> _What this task involves_:
Restate the listing below word for word; no picture is to be carried over.

> _Data_:

══════════════════════════════

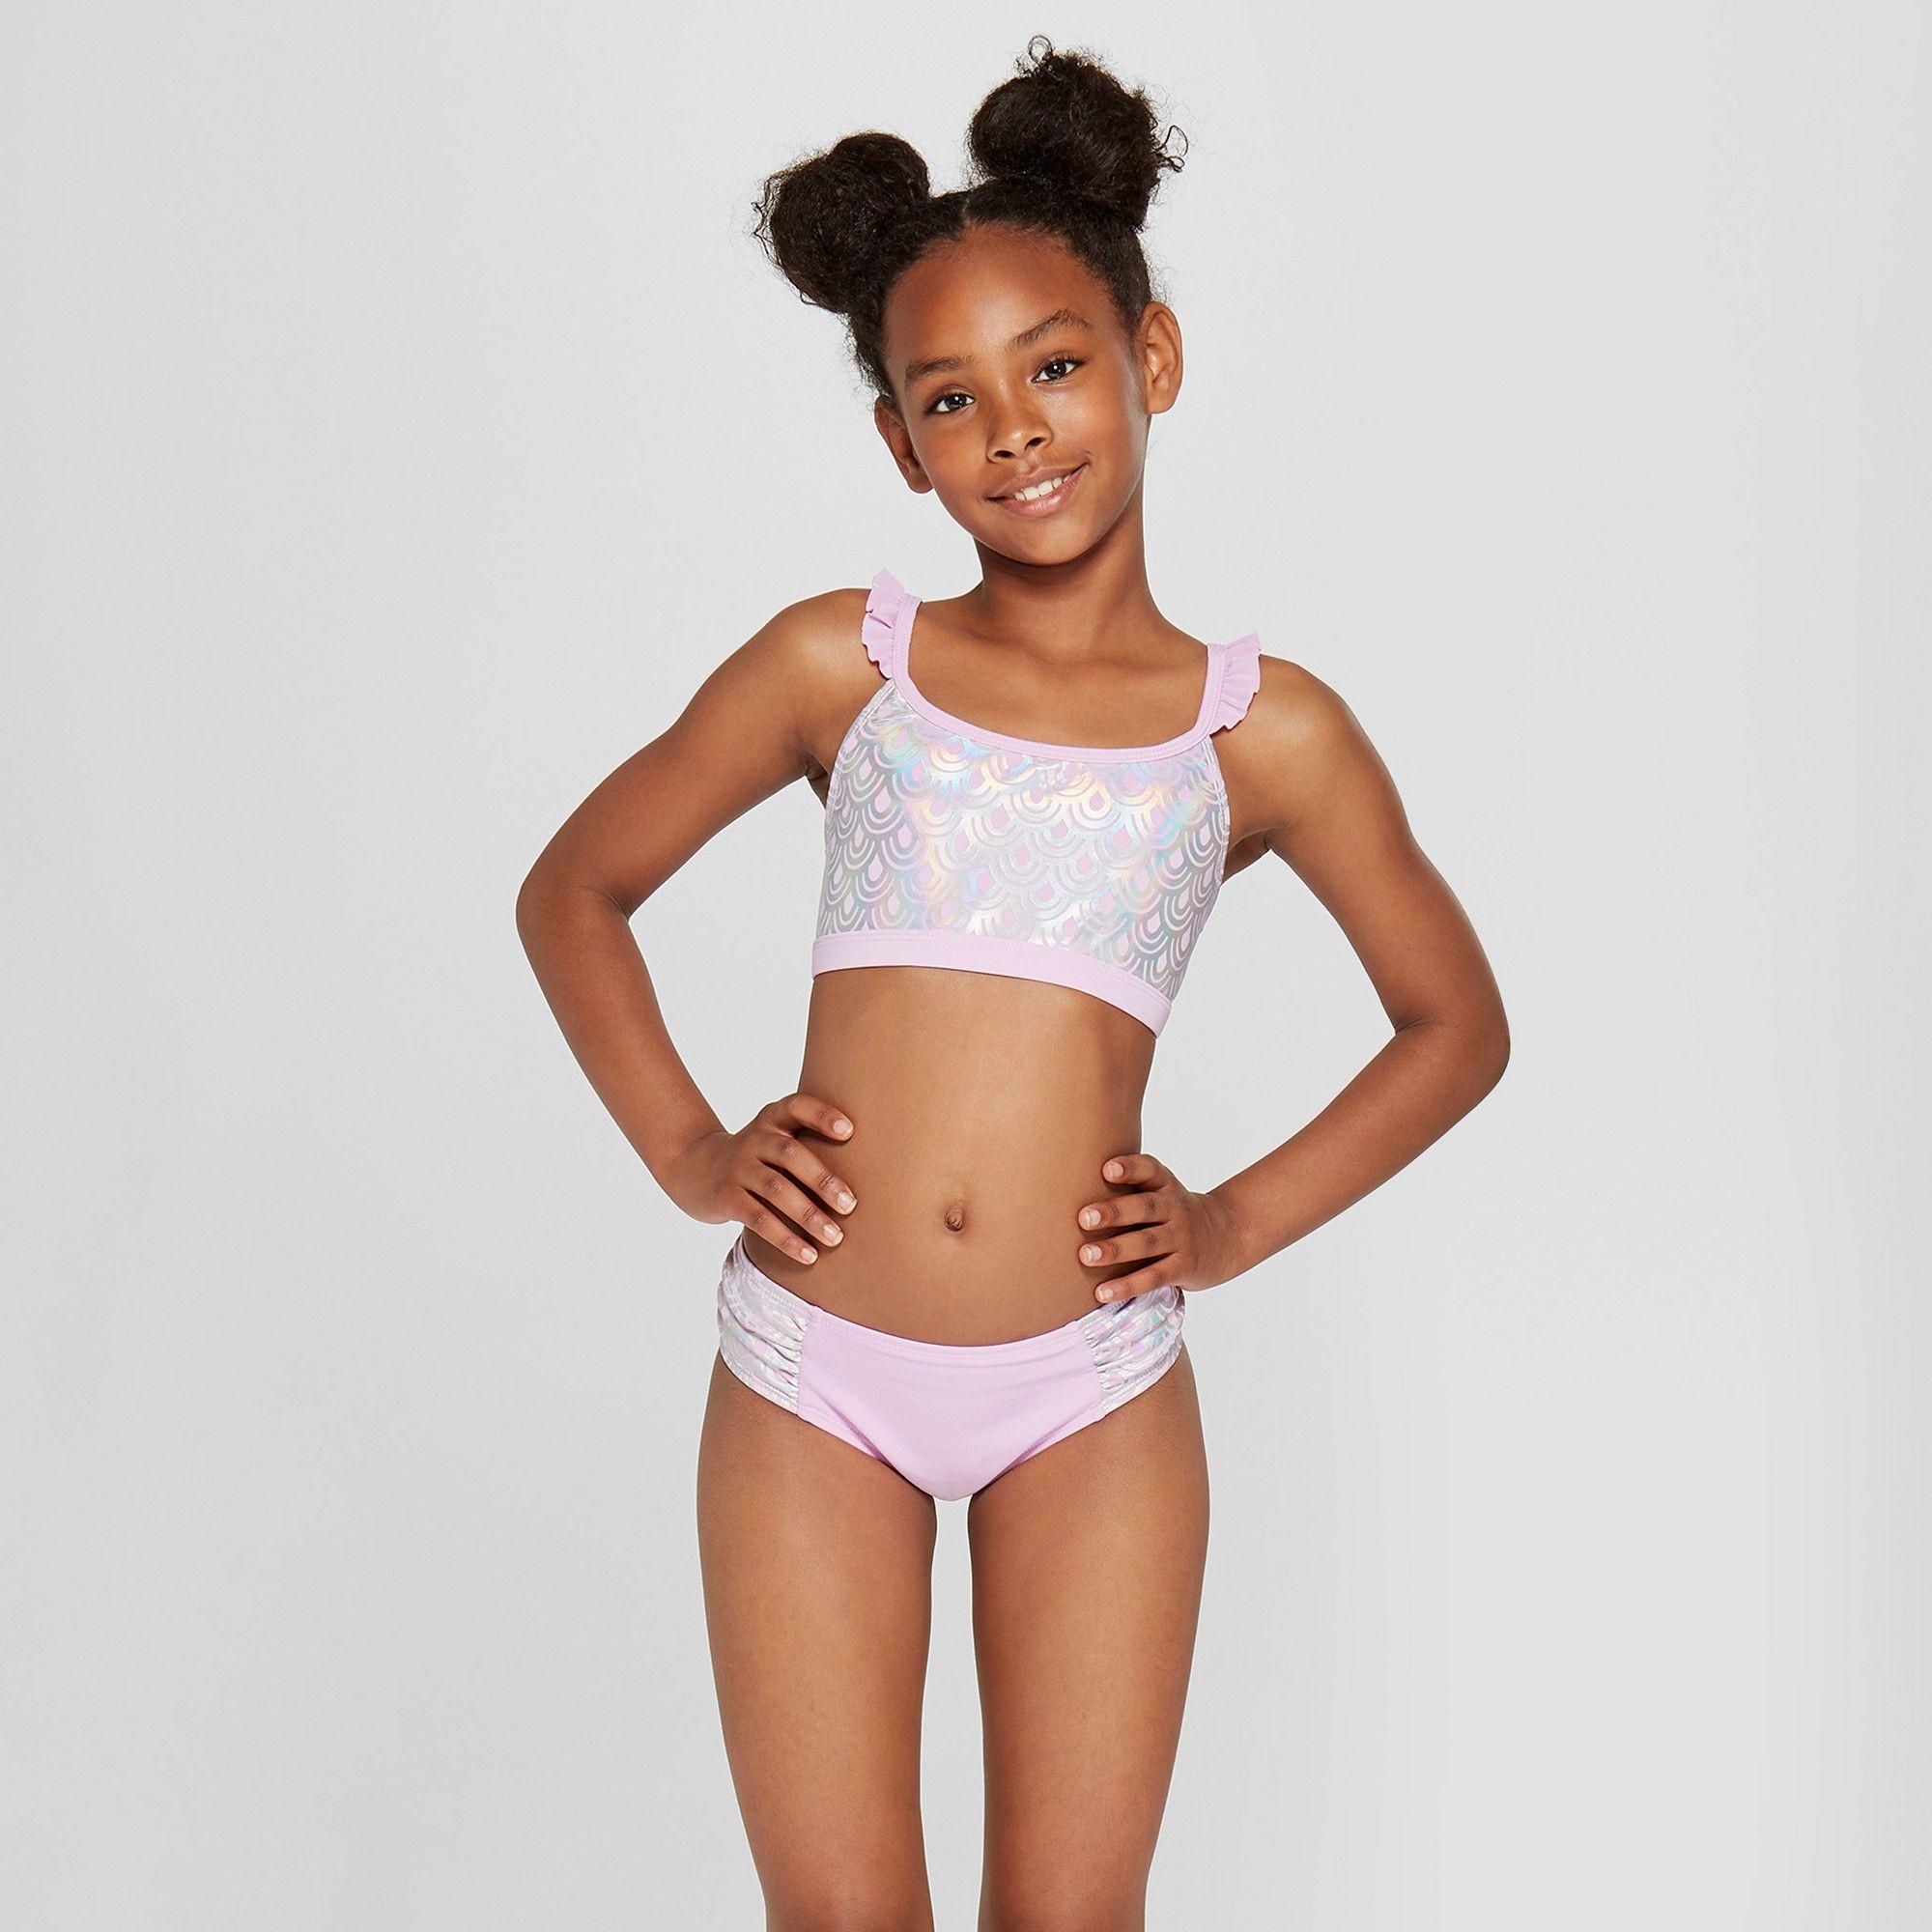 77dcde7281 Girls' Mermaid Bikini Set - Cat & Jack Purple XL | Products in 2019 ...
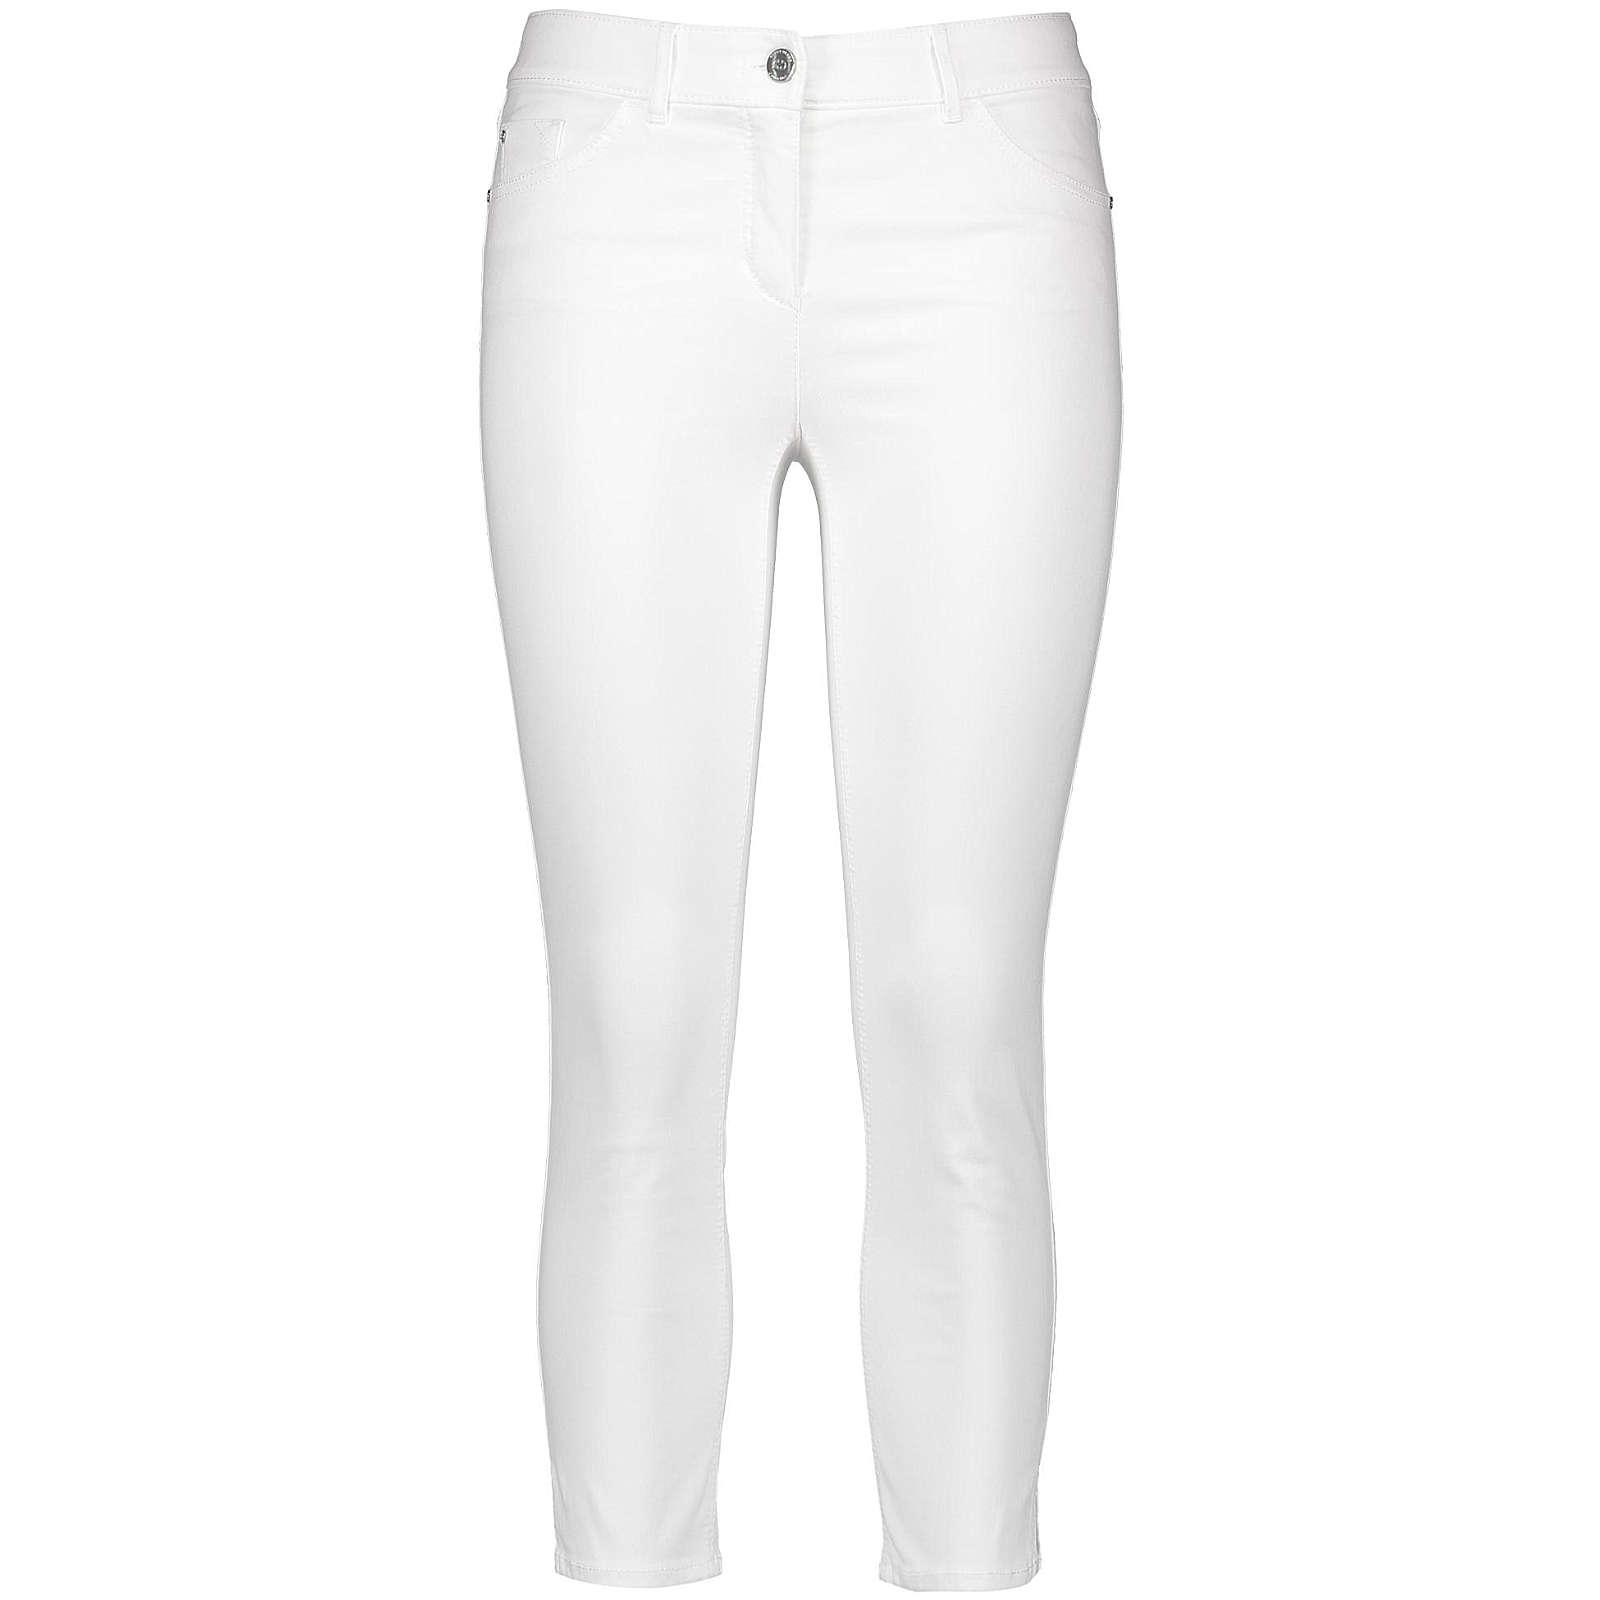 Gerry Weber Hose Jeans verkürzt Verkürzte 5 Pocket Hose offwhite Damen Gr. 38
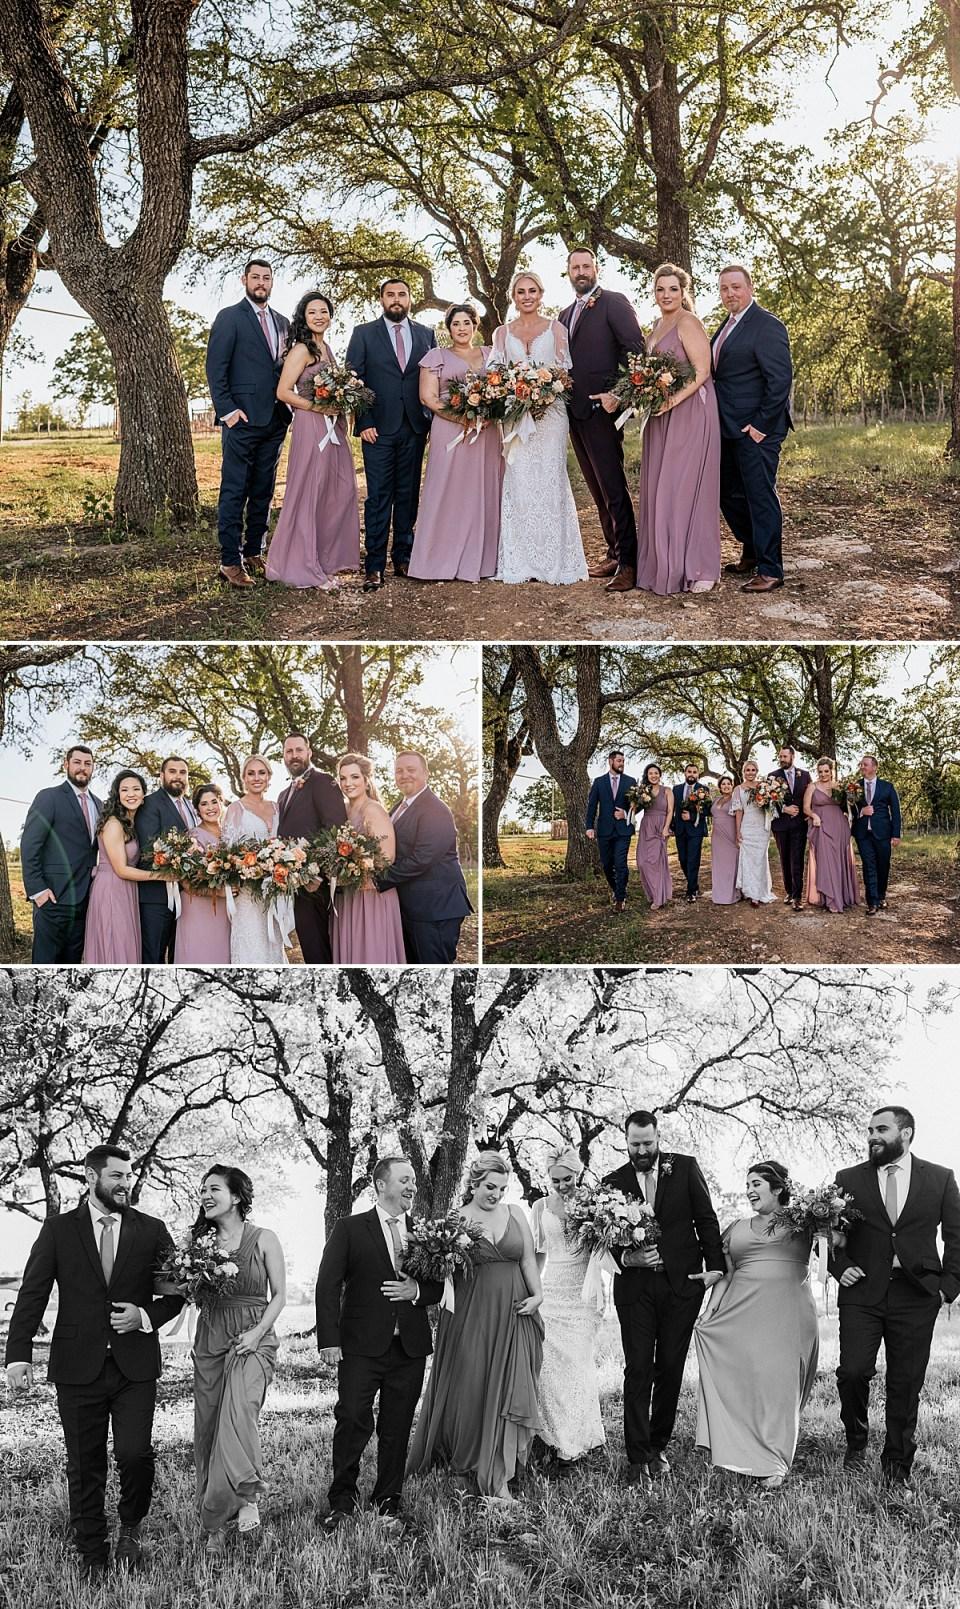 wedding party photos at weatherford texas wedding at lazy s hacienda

══════════════════════════════

> _Solution to this exercise_:
 77dcde7281 Girls' Mermaid Bikini Set - Cat & Jack Purple XL | Products in 2019 ...
 Gerry Weber Hose Jeans verkürzt Verkürzte 5 Pocket Hose offwhite Damen Gr. 38
 wedding party photos at weatherford texas wedding at lazy s hacienda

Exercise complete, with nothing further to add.